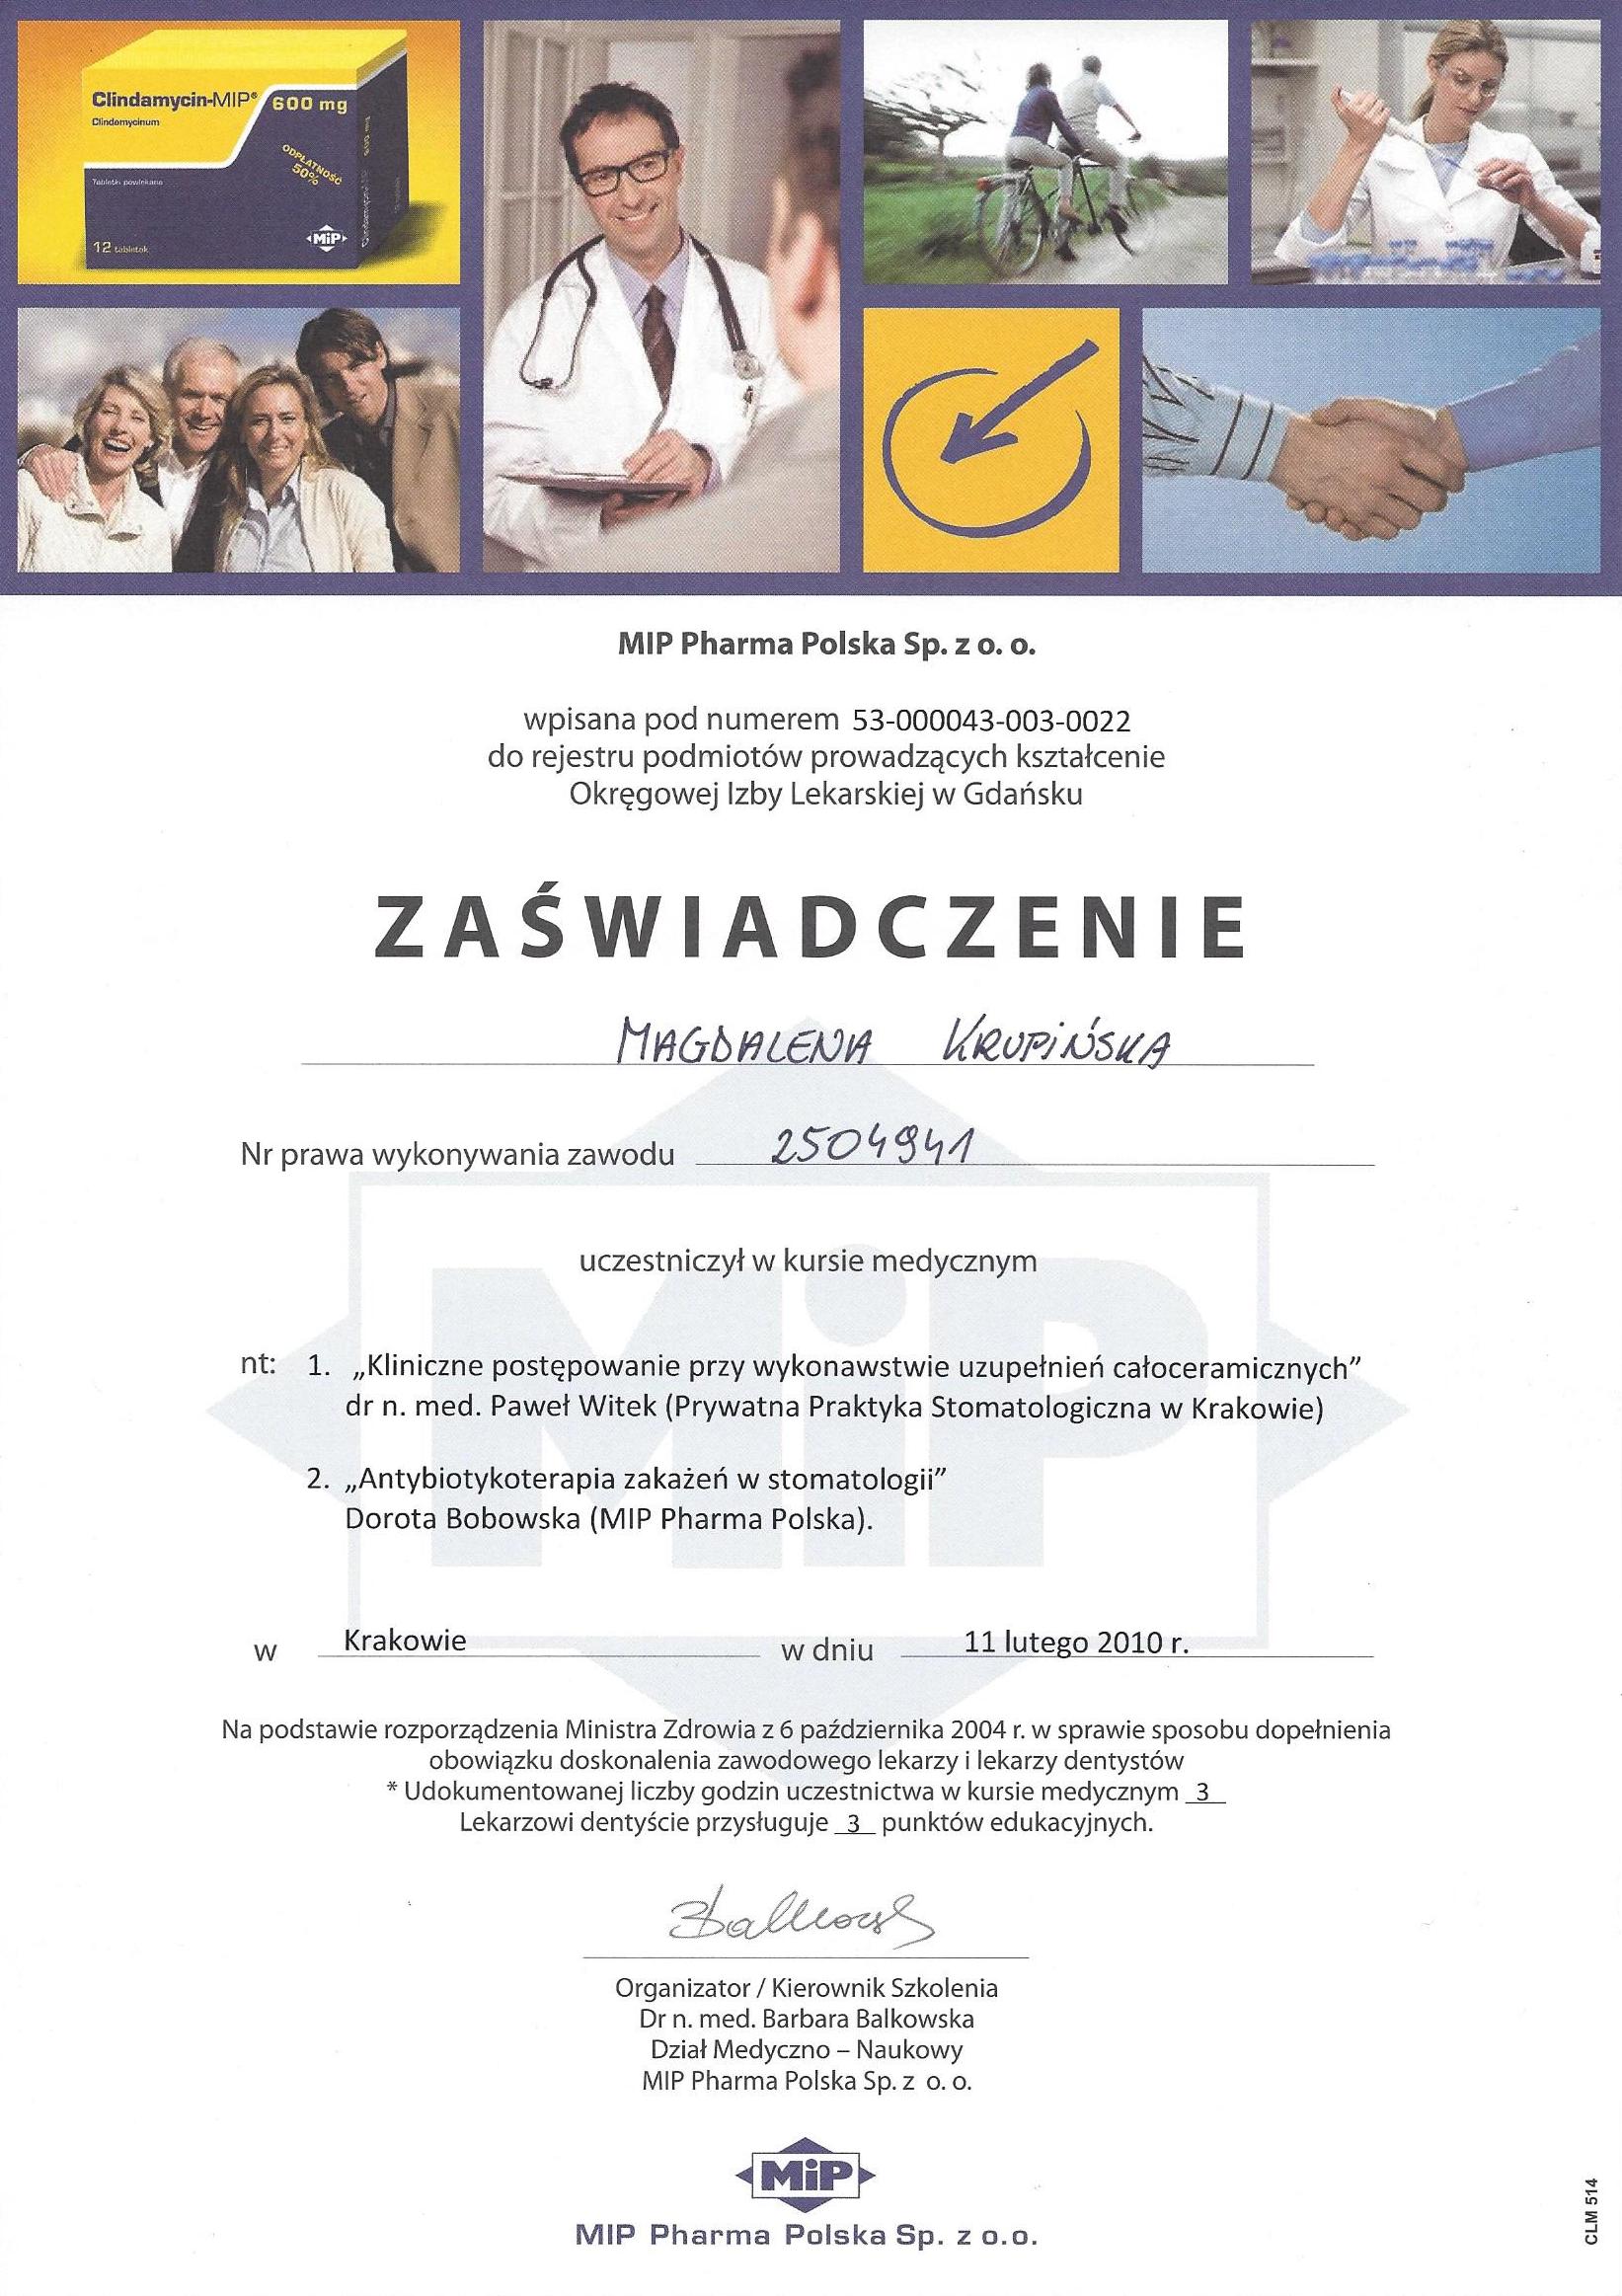 Magdalena Krupińska certyfikat 46
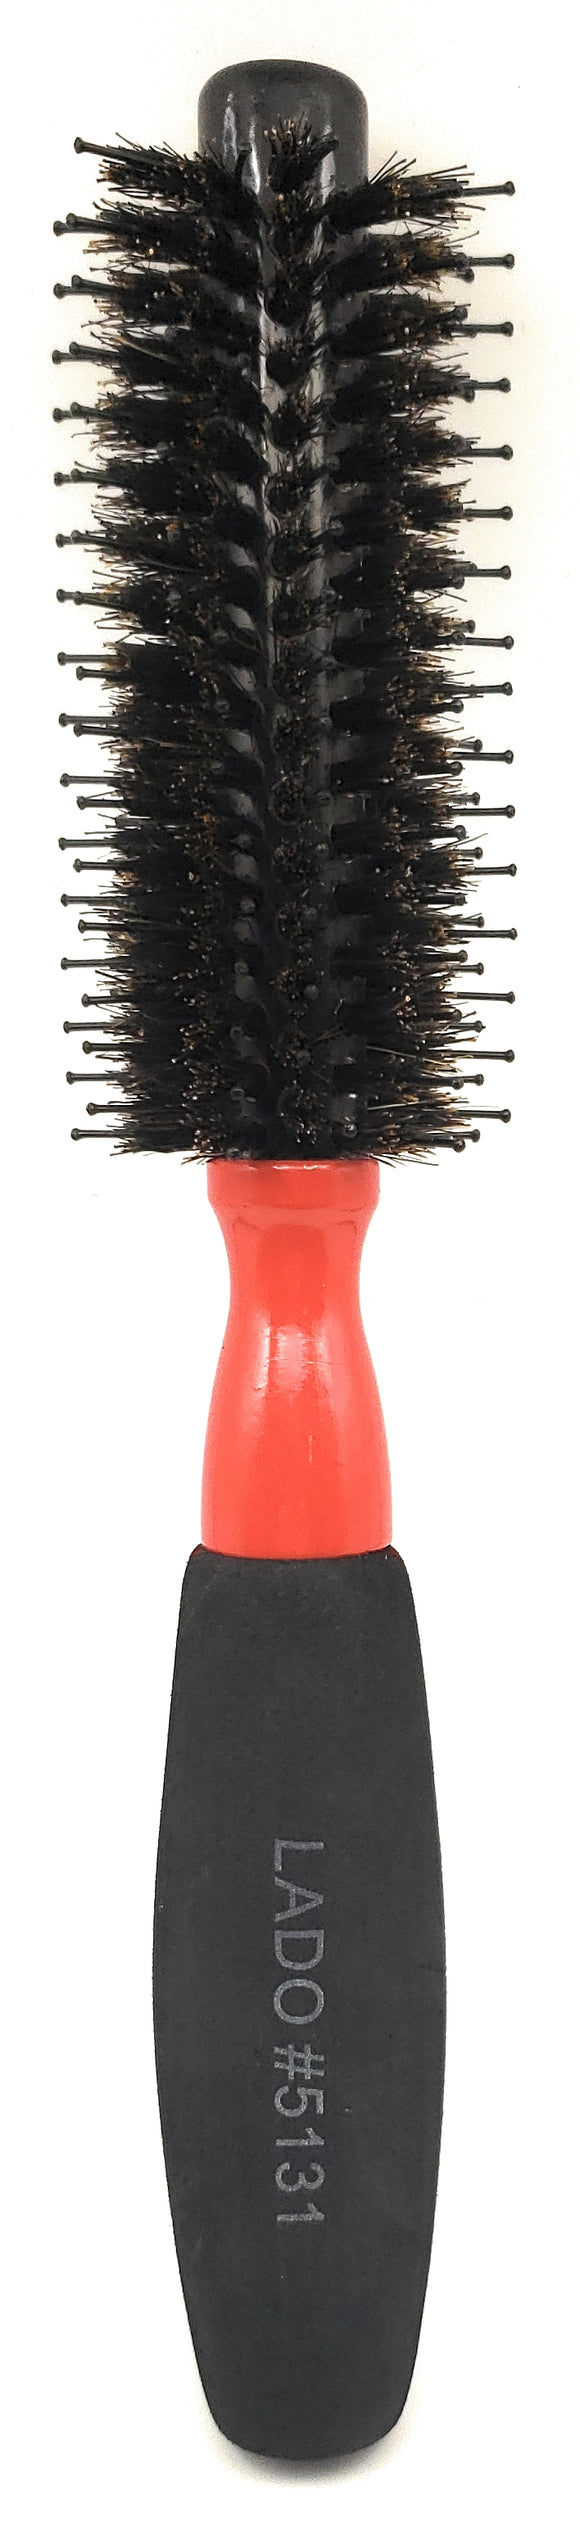 Black Porcupine Ceramic Round Brush
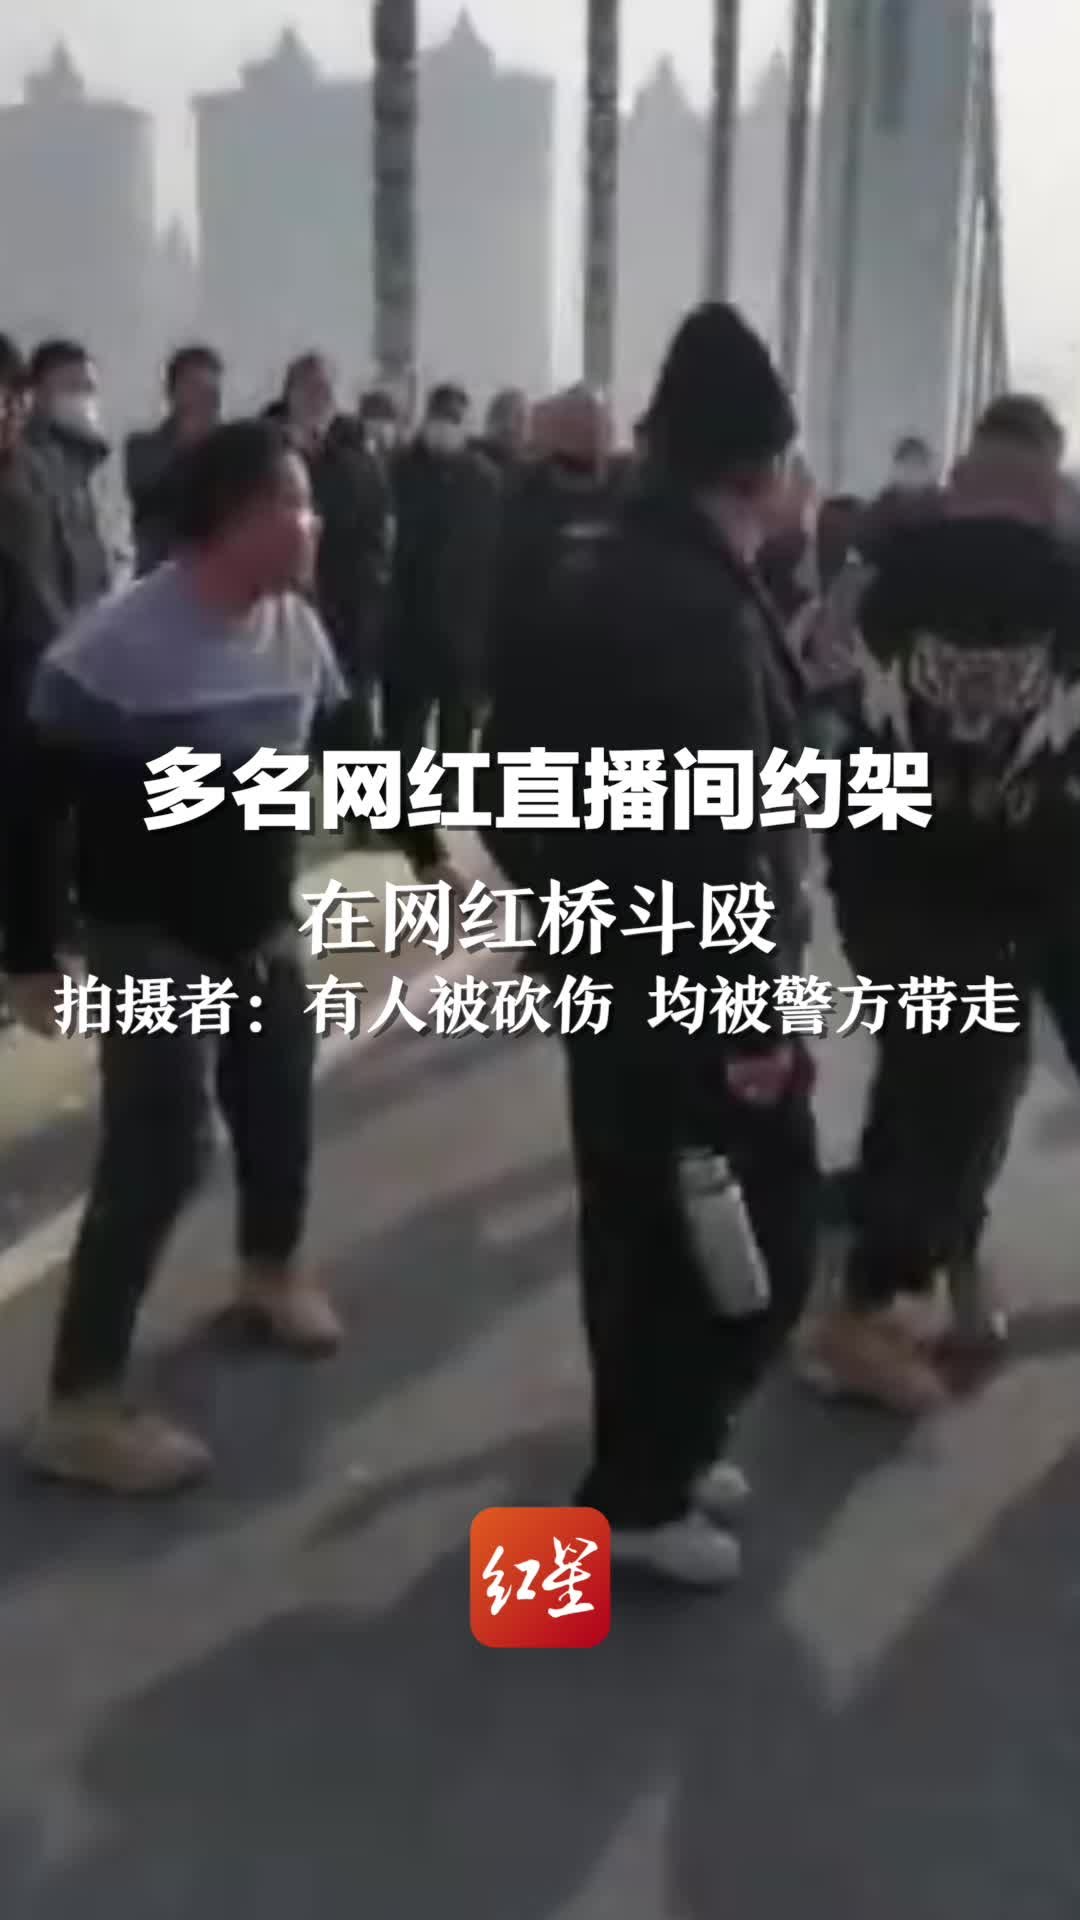 多名网红直播间约架在网红桥斗殴，拍摄者：有人被砍伤 均被警方带走

━━━━━━━━━━━━━━━━

> _What you should do_
Restate word for word, and only, the lines from the line that contains "Black Porcupine Ceramic Round Brush" through the end of the data, both included; pictures are not part of the copy.

> _Result for this exercise_
 Black Porcupine Ceramic Round Brush
 多名网红直播间约架在网红桥斗殴，拍摄者：有人被砍伤 均被警方带走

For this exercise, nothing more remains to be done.